Ночной гость терпеливо ждал, а когда Арсений закончил, самым светским тоном продолжил прерванный разговор:
– Собственно говоря, если бы не книга, я бы не стал вас тревожить, молодой человек. Но ситуация безвыходная, я к физическому миру отныне отношение имею лишь косвенное, а с книгой нужно что-то делать.
– Что? – спросил Арсений. Он вообще ничего не понимал, происходящее казалось дурным сном, настолько странным и нелепым, что даже испугаться как следует не получалось. Он медиум! Смех, да и только…
– Я вам уже говорил, что есть человек, готовый ее купить! – сообщил профессор. – Я понимаю, что при жизни не продал бы ее никогда, но теперь ей просто необходим хороший хозяин. Если бы вы не отказались мне помочь, если бы выступили посредником в этой сделке, уверяю вас, внакладе никто бы не остался. Книга стоит восемьдесят тысяч долларов, и это по самым скромным прикидкам.
– Вам нужны деньги?
– Мне?! Бог с вами, молодой человек! Мне уже ничего не нужно, я хочу только одного, чтобы моя книга попала в хорошие руки.

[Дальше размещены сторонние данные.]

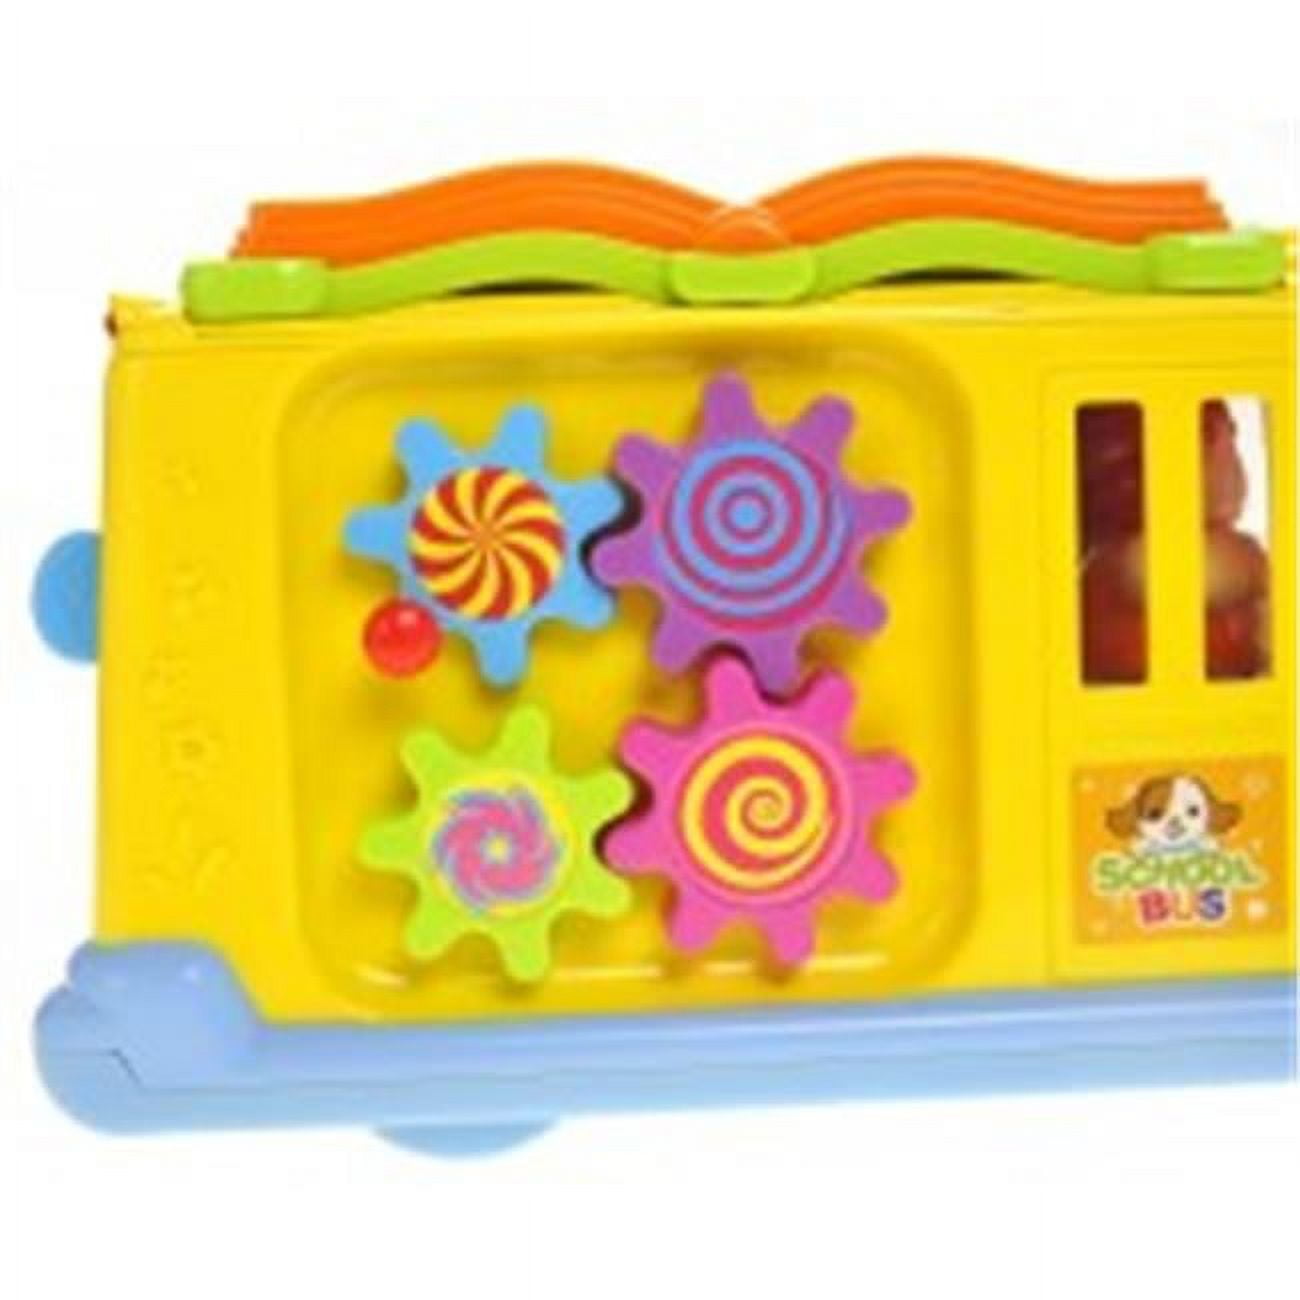 Ps796 Interactive School Bus Toy With Flashing Lights & Sounds

– А деньги? – спросил Арсений.
– А деньги оставьте себе. Вы молоды, полны планов. Для восстановления сил и здоровья вам понадобится качественная медицинская помощь, а это по нынешним временам весьма затратно. Ну, что скажете? – Старик подался вперед, заглянул Арсению в глаза. – Соглашайтесь, сделка обоюдовыгодная.
Да, сделка была обоюдовыгодная, потому что деньги Арсению были нужны, как воздух. Его пребывание в этом супероснащенном и суперэлитном реабилитационном центре оплачивал какой-то научно-исследовательский институт, но долго ли продлится спонсорская помощь, Арсений не знал. Сколько еще его случай будет считаться уникальным и достойным изучения? Один месяц, два… А дальше что? Что делать родителям, и без того всю жизнь перебивающимся с копейки на копейку, сначала чтобы вырастить его, потом чтобы дать достойное образование и вот сейчас, чтобы поставить на ноги?
– Что я должен сделать? – спросил Арсений после недолгих раздумий.
– Для начала вы должны забрать книгу.
– Ту, с которой вы не расставались при жизни?